In example 3, at least one of examples 1-2 further comprises: topic data is received from the user through the user interface indicating one or more events to be summarized, and wherein respective summaries are generated by the summarizer model based on the topic data to overlay events indicated by the topic data.
In example 4, at least one of examples 1-3 further comprises: speaker data indicative of one or more speakers to be summarized is received from the user via the user interface, and wherein a corresponding summary is generated by the summarizer model based on the speaker data to overlay utterances spoken by the one or more speakers indicated by the speaker data.
In example 5, at least one of examples 1-4 further comprises: readability data is received from the user through the user interface indicating how fluent the overall summary is, and wherein a corresponding summary is generated by the summarizer model to be readable at the level indicated by the readability data.
In example 6, example 5 further comprises, wherein the readability data indicates whether the filler word is to be removed by identification and masking, and whether the transcript is to be segmented based on a ranking of the events.
In example 7, at least one of examples 1-6 further comprises, wherein the summarizer model is trained by: masking keywords in the transcription and causing the summarizer model to generate an unmasked transcription that fills in the masked keywords; adjusting weights of the summarizer model based on differences between the transcription and the unmasked transcription to generate a pre-trained summarizer model; and fine-tuning the pre-trained profiler model based on the hints, the transcription, and the pre-generated summary.
In example 8, example 7 further comprises, wherein the hint comprises two or more of readability data, topic data, speaker data, summary granularity value, and segmentation granularity value.
Example 9 includes a computing system including a memory, processing circuitry coupled to the memory, the processing circuitry configured to perform operations of the method of at least one of examples 1-8.
Example 10 includes a machine-readable medium comprising instructions that, when executed by a machine, cause the machine to perform the operations of the method of at least one of examples 1-8.

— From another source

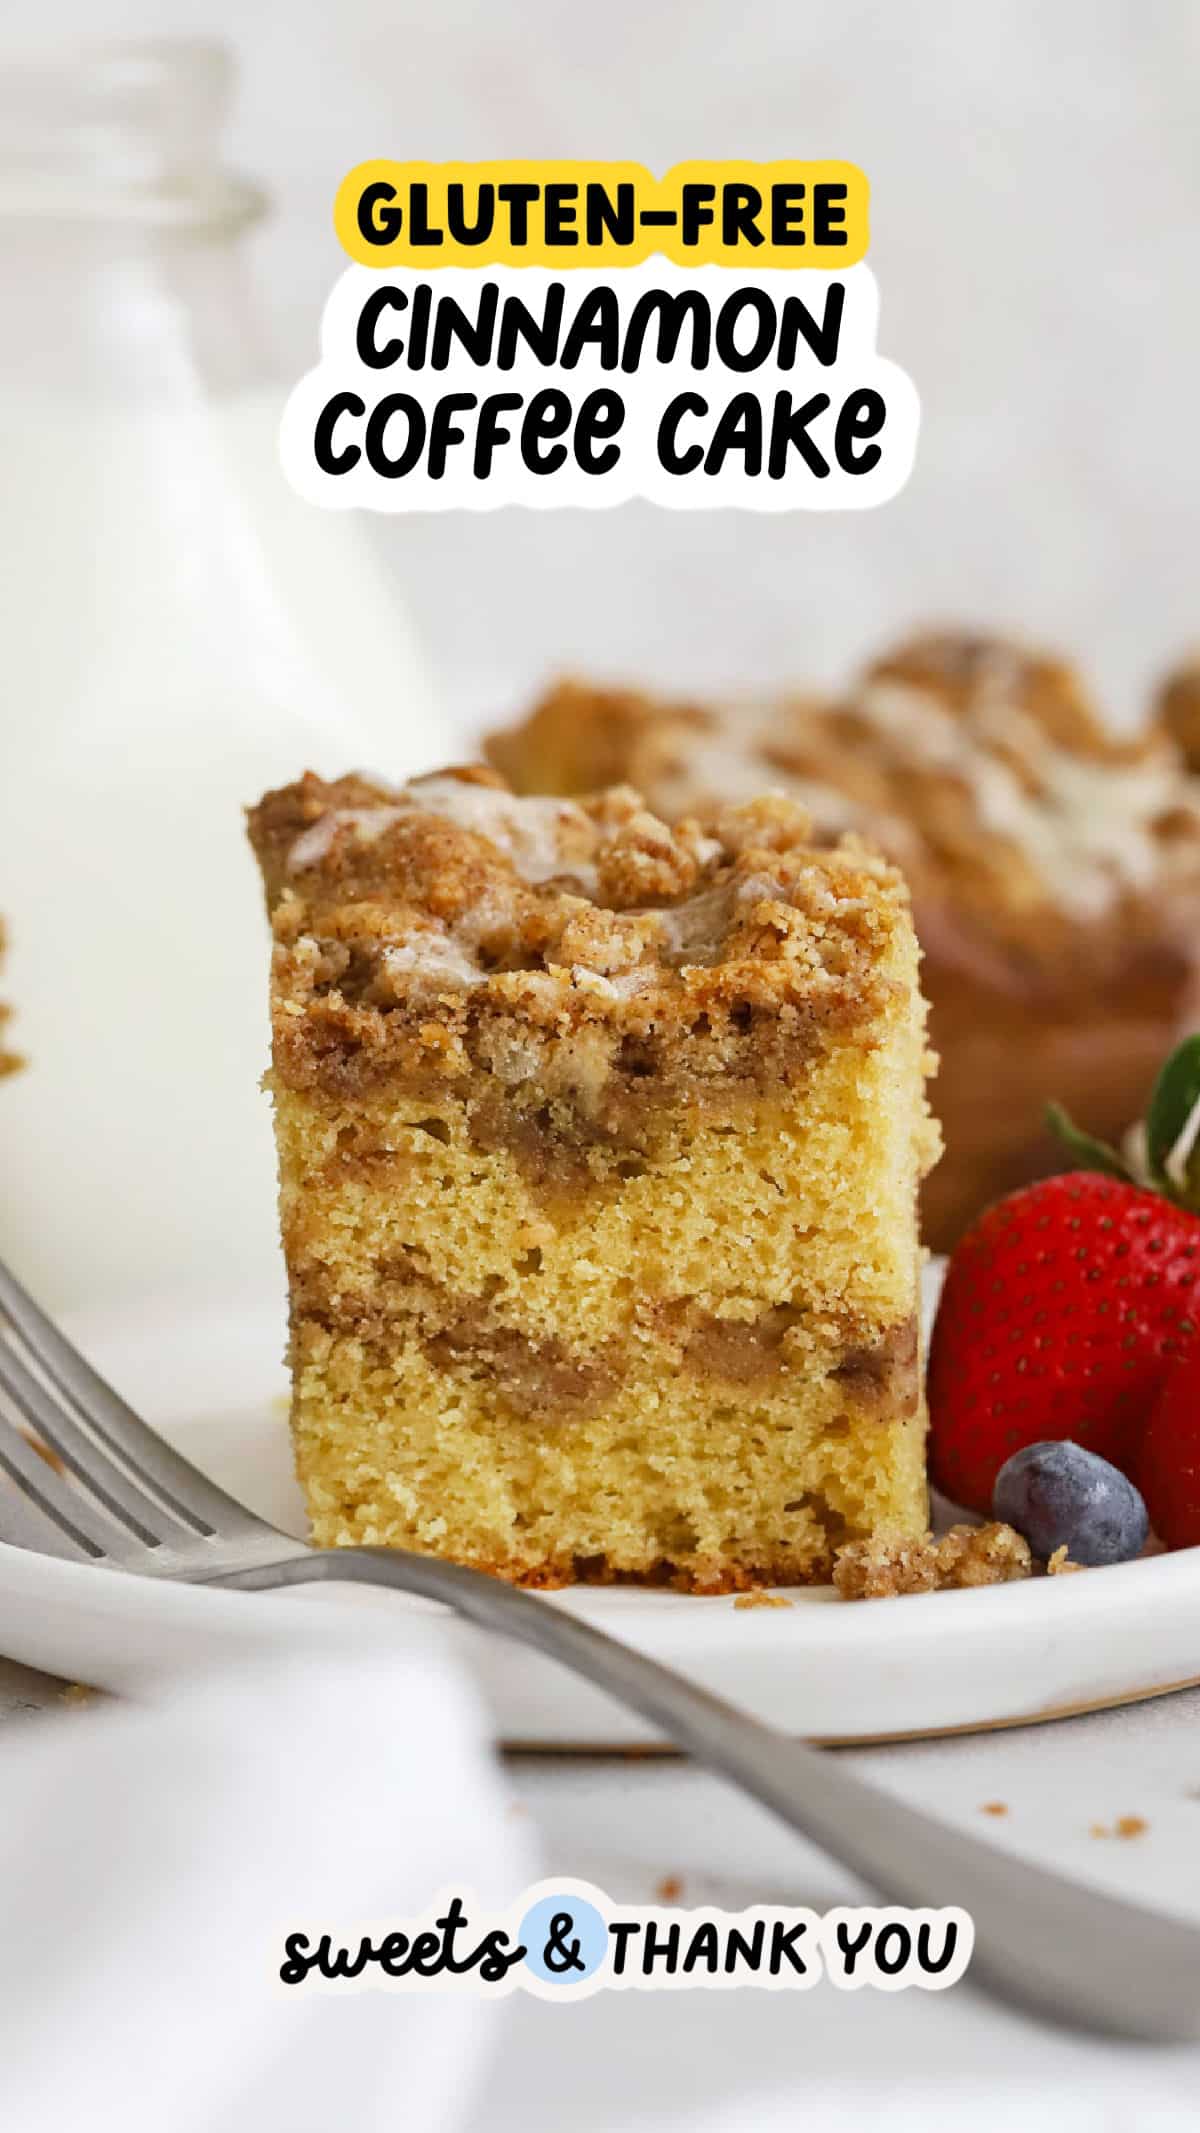 Our Gluten-Free Cinnamon Coffee Cake recipe has all the classic flavor you love, simply made gluten-free! This gluten-free crumb cake might just become your new favorite holiday breakfast. We combine fluffy, buttery vanilla cake with two layers of brown sugar cinnamon streusel topping for a delicious special occasion breakfast treat your whole family will love. Get the recipe at sweetsandthankyou.com

Although a few embodiments have been described in detail above, other modifications are possible. For example, the logic flows depicted in the figures do not require the order shown, or sequential order, to achieve desirable results. Other steps may be provided from the described flows, or steps may be eliminated, and other components may be added to, or removed from, the described systems. Other embodiments may be within the scope of the following claims.

Claims (20)

1. A computer-implemented method for generating a multi-granularity summary of a transcription of a meeting, the method comprising:
Receiving, via a user interface, a segmentation granularity value from a user, the segmentation granularity value indicating a number of events to be included in a summary in the transcription;
extracting, by a ranker model, a number of cues equal to the number of events from the transcription;
generating, by a profiler model comprising a retrained language model, a respective summary of a portion of the transcription corresponding to an event, generating a respective summary for each event; and
the respective summaries are provided as an overall summary of the transcription.
2. The method of claim 1, further comprising:
receiving, from the user via the user interface, a summary granularity value indicating a length of each of the respective summaries; and is also provided with
Wherein the respective summaries are generated by the summary profiler model based on the summary granularity values to have a length consistent with the summary granularity values.
3. The method of claim 1, further comprising:
receiving, from the user, topic data indicative of one or more events to be summarized through the user interface; and is also provided with
Wherein the respective summaries are generated by the summarizer model based on the topic data to cover the events indicated by the topic data.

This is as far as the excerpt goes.